What I wish I knew, before I became a UX Designer?

Many junior designers & aspirants that I have interacted with, have asked me ‘what do you do in office?’ or ‘What is a typical day in the life of a UX designer?’ The answer varies a lot from person to person. For someone who is a lonely designer in a start-up, he might be doing ten other things that someone who works as a UX designer in a team of 10 people, won’t be doing. So, depends upon who you are asking.
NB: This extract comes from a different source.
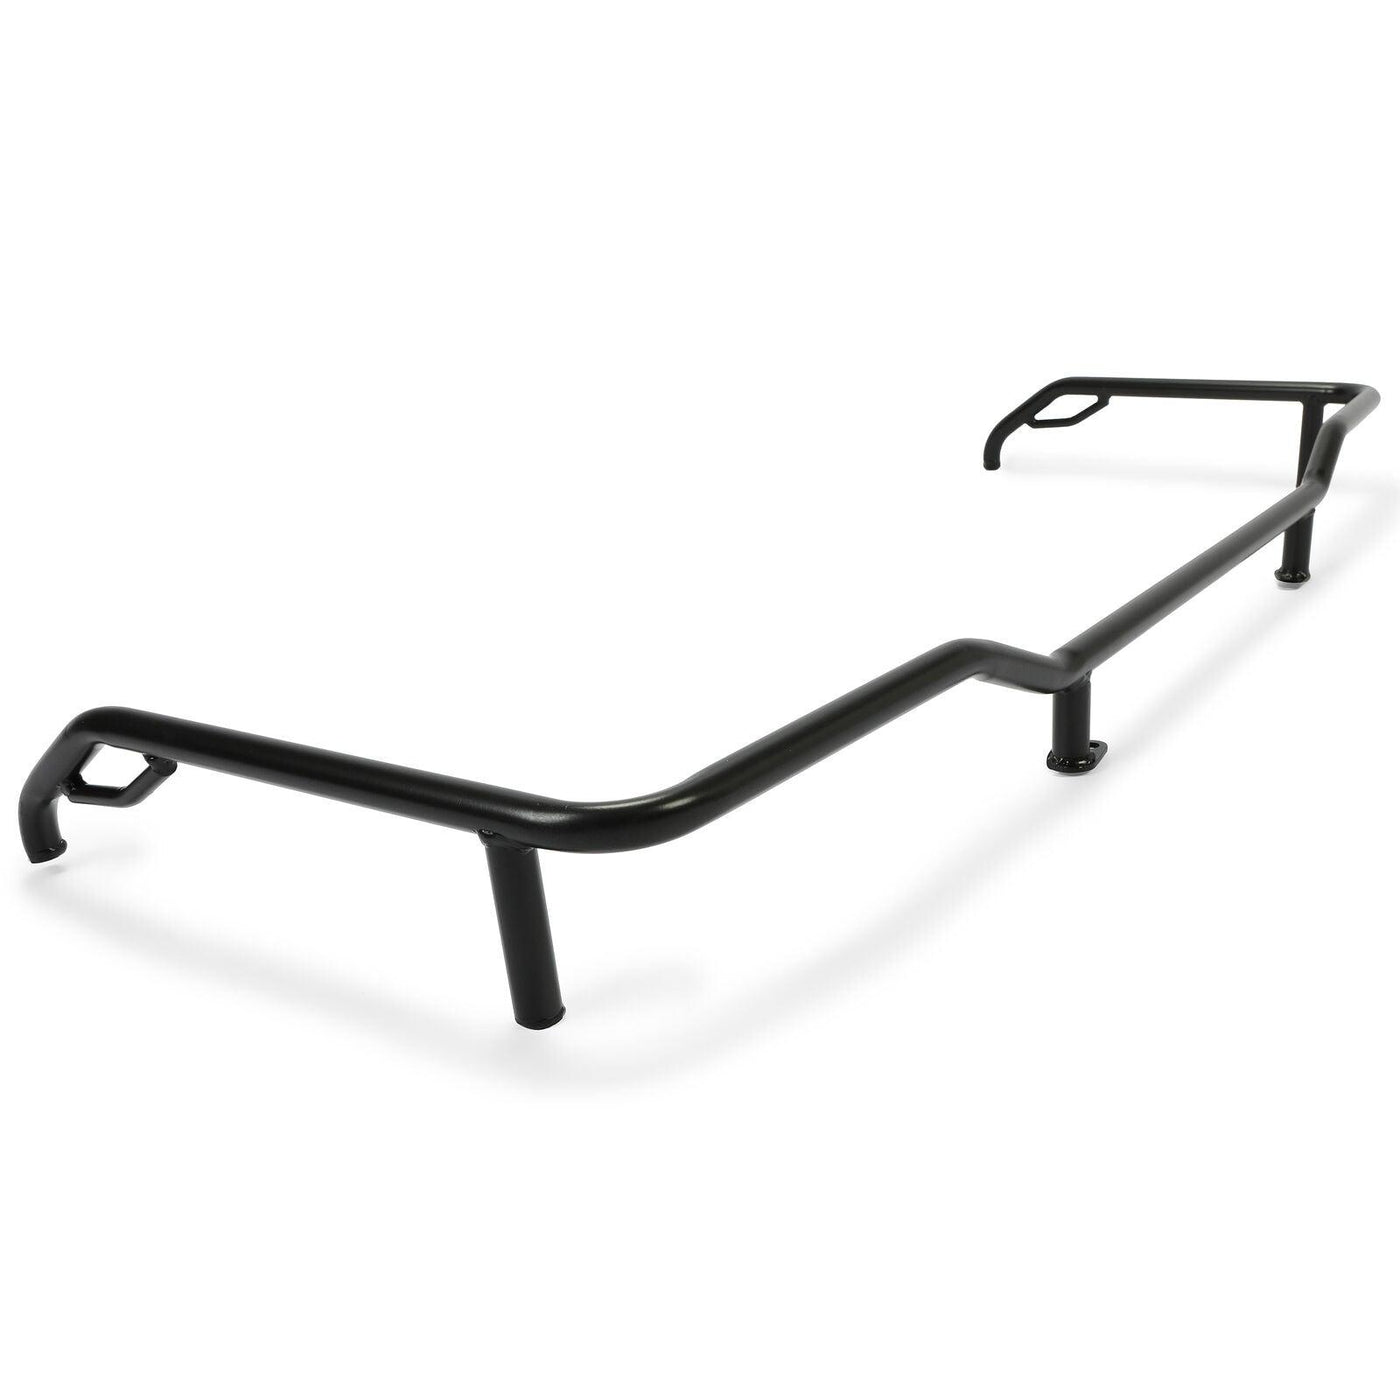 For 2014-2020 Polaris Sportsman 570 450 Rear Steel Rack Extender 2879717 - Moto Life Products

Someone who works in a start-up as the only designer, most probably goes through this —

If you ask someone who’s in a start-up as the only designer, that person might be responsible for a lot more than just screen designs. He might also be working on marketing designs, social media campaigns, side by side working on the screens of the website/app and also interacting with the engineers etc. He interacts with everyone, from engineering department to quality analysis people, to sales and marketing department, and even the CEO and CTO who sit next to the team and work along with everyone else. He also gives ideas to scale the product and add new features.

Someone who works in a big company and a well-defined design team, most probably goes through this —

As someone who is working in a team of 10 people, that person might be working only on one page of a website/app since months, because in a design team, everyone has to be aligned with each other. If your company is following Agile methodology, you might even get the freedom to choose the story you want to work on (a story is a section or a module. Design can be divided into sections, like — Ben will work on chat-window, Alice can take up the messages section and John can re-design the new sidebar). Now this designer, doesn’t even get to see the engineering department, and he is only concerned with his own small design team, as well as the product manager who assigns him work and asks him for daily progress report.

He interacts with other designers when he’s stuck somewhere. His ideas may or may not be valuable, because they rarely reach the higher management! But he is free to express his thoughts to the product manager, who might decide to implement those ideas after discussing with the higher management — but again, he might not get approval for those ideas, because in big companies, it’s really important that things are completed within a stipulated time frame. There is a lot of to-and-fro that happens in big companies, something that doesn’t happen in small start-ups.